[[ GIVEN INFORMATION open ]]

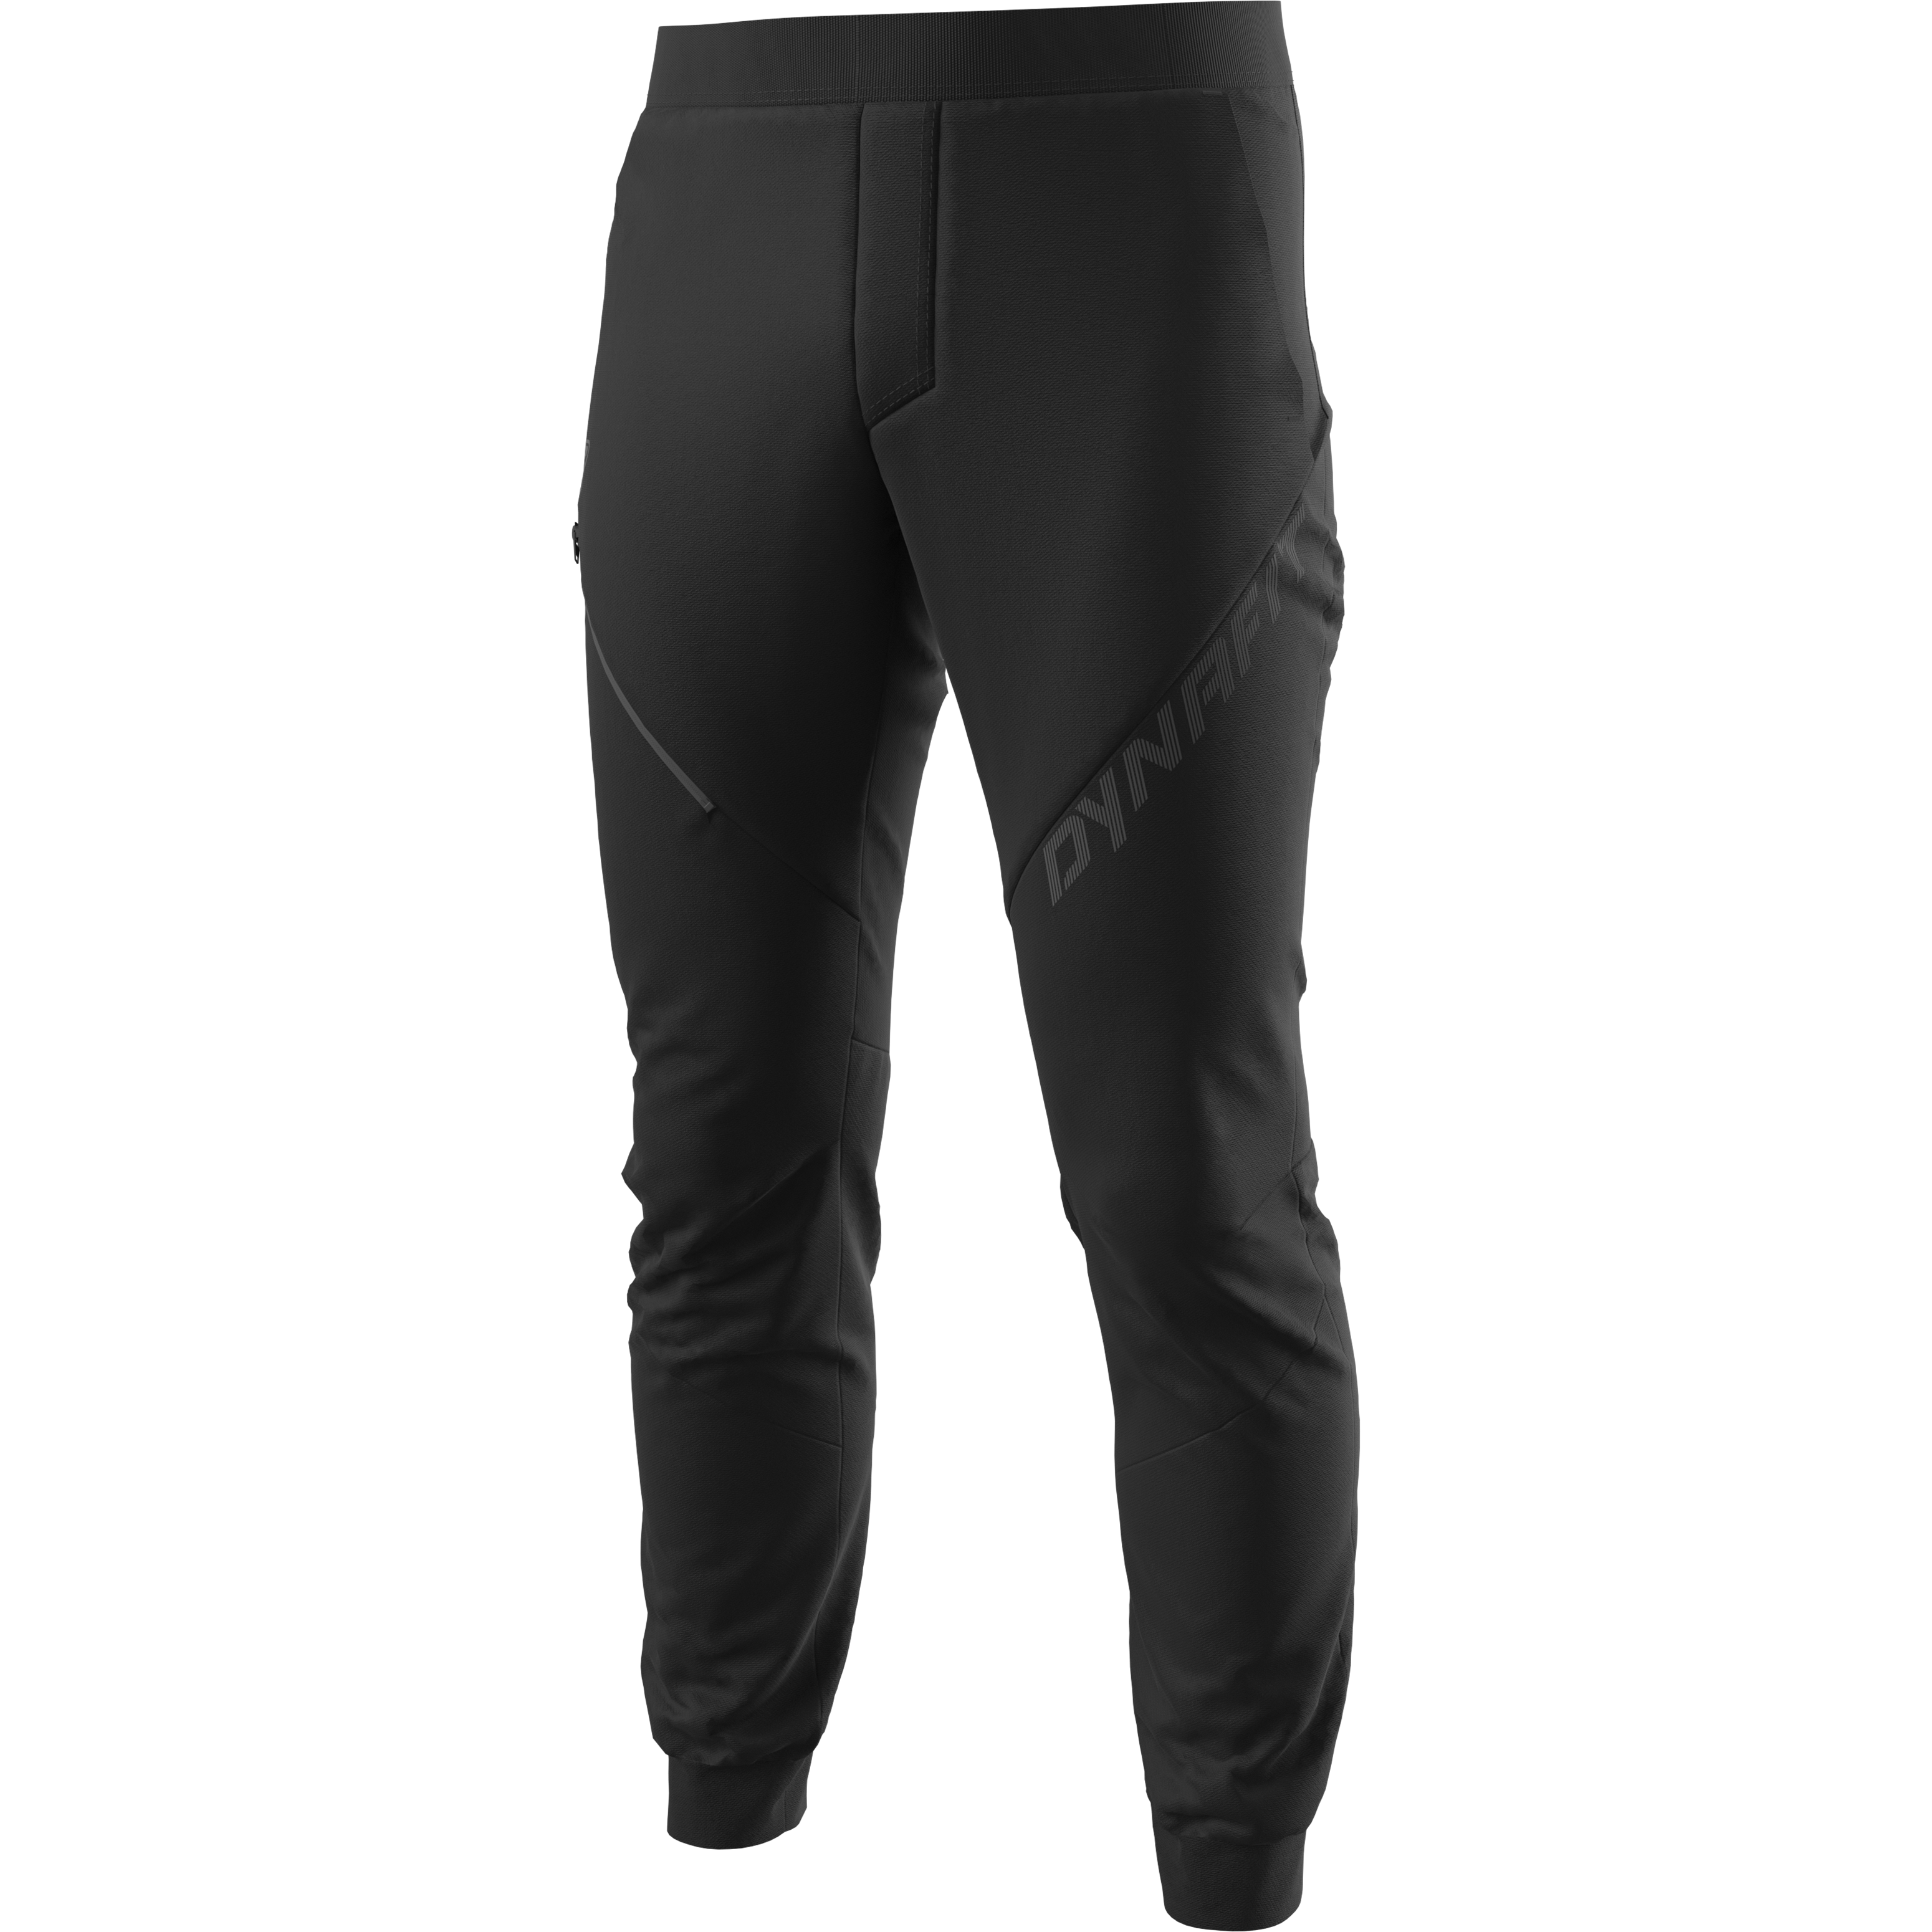 Timberland Mountain Athletics Size L Hiking Outdoor Track Pants Black Nylon  | eBay
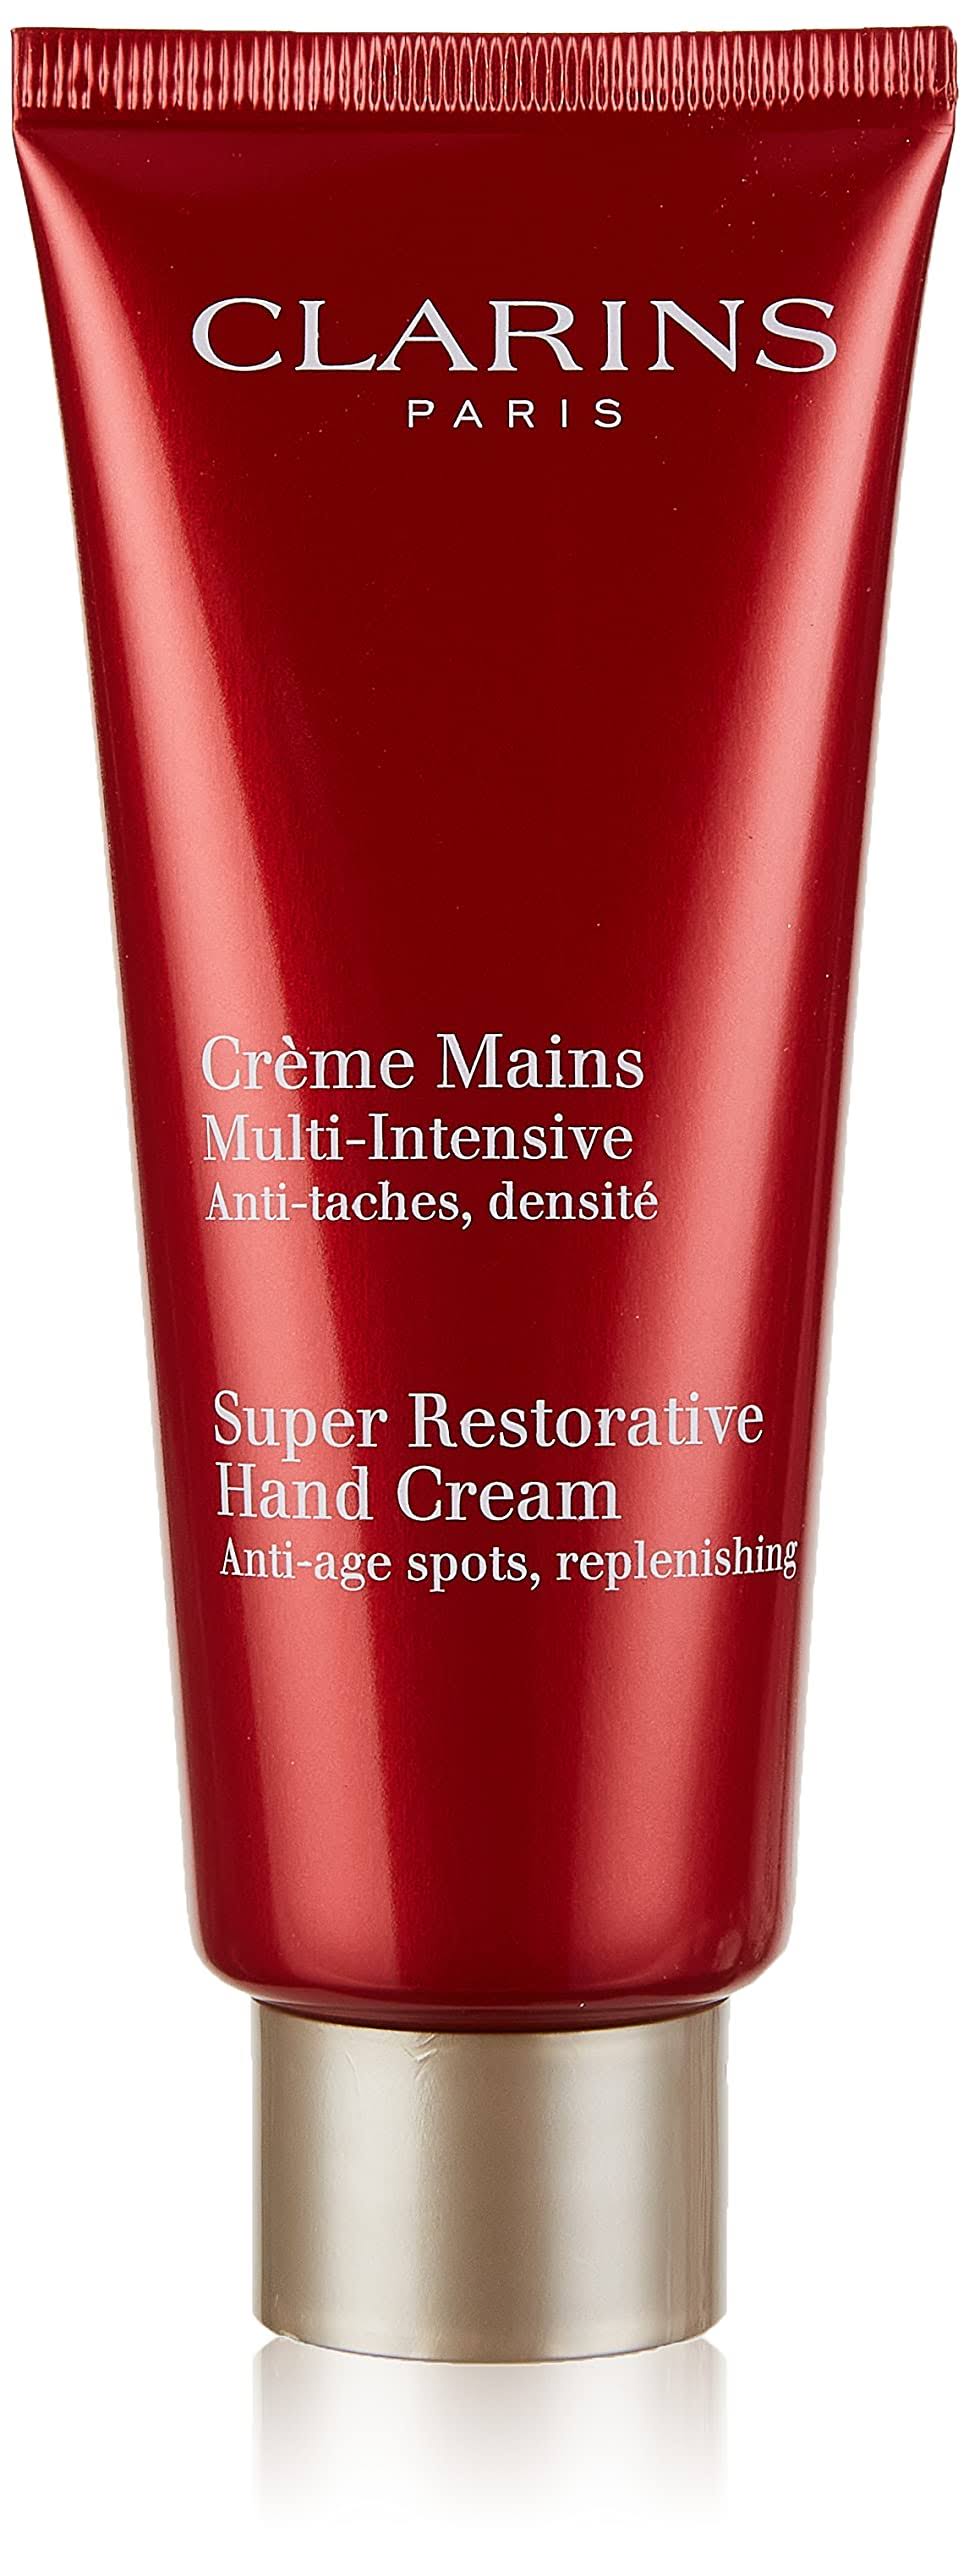 Super Restorative Hand Cream 100ml - Clarins
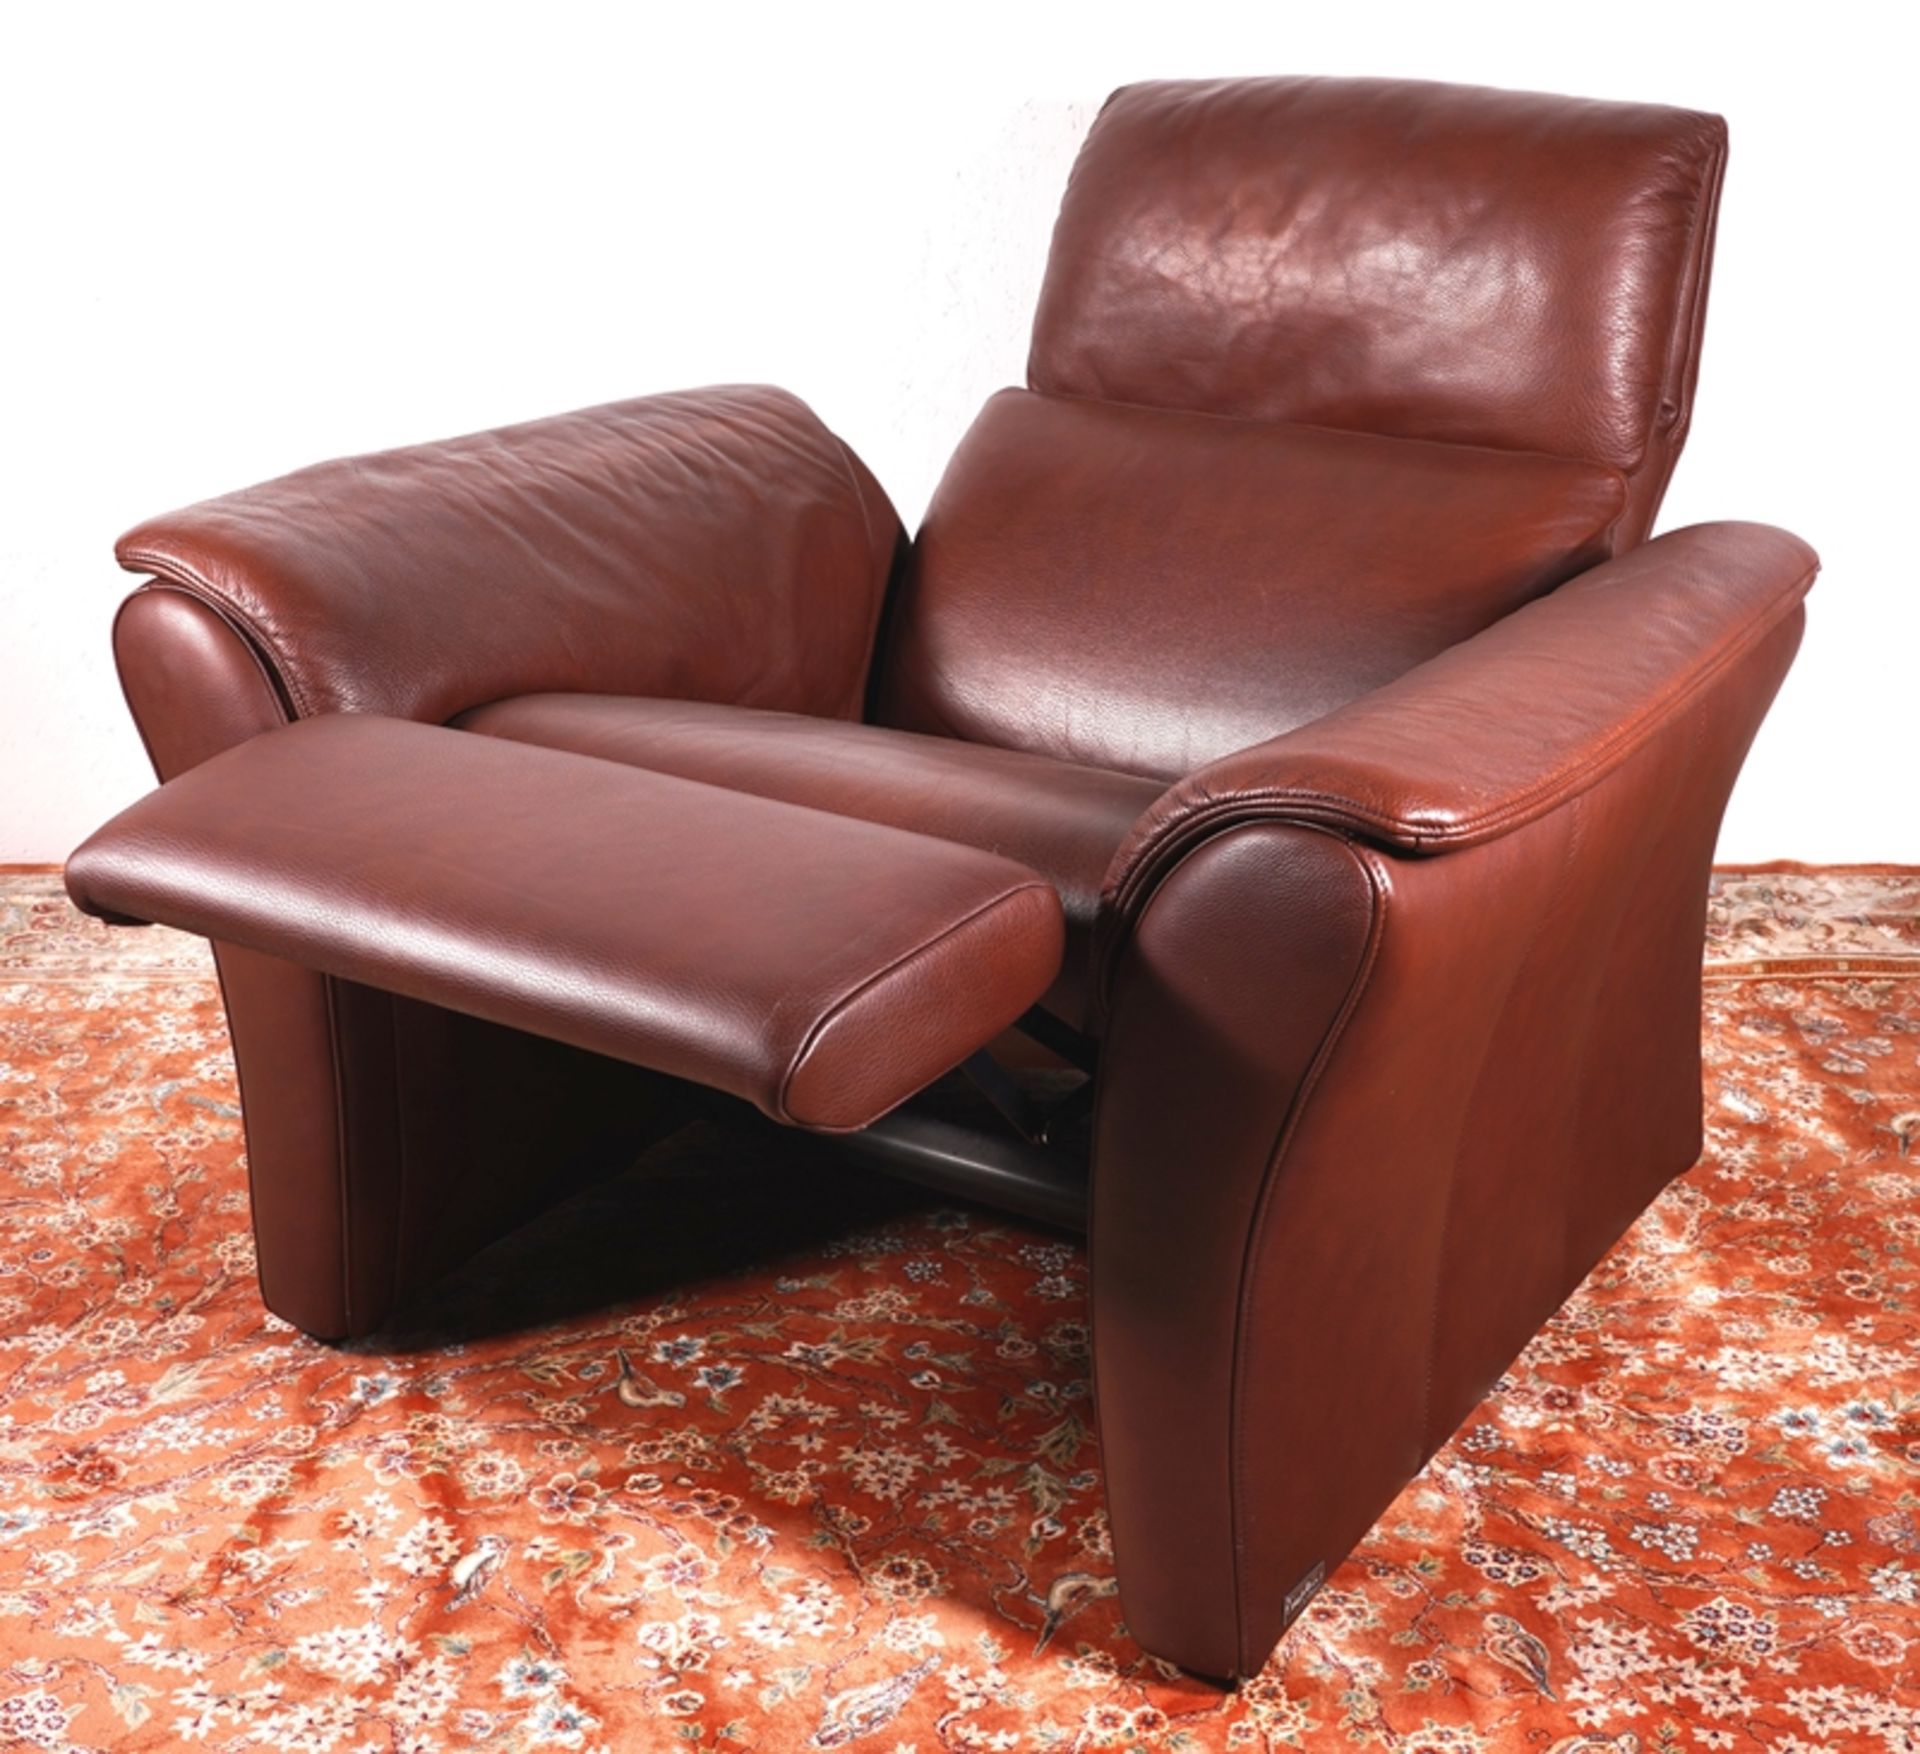 Schillig Relaxsessel | Schillig Relax armchair - Image 3 of 7

[[ GIVEN INFORMATION closed ]]

_ABOUT THIS EXERCISE_
Give back, word for word, the lines from the one containing "Super Restorative Hand Cream 100ml - Clarins" through the last line of the listing above; include both ends and exclude the pictures.

_REPLY_
 Super Restorative Hand Cream 100ml - Clarins
 Schillig Relaxsessel | Schillig Relax armchair - Image 3 of 7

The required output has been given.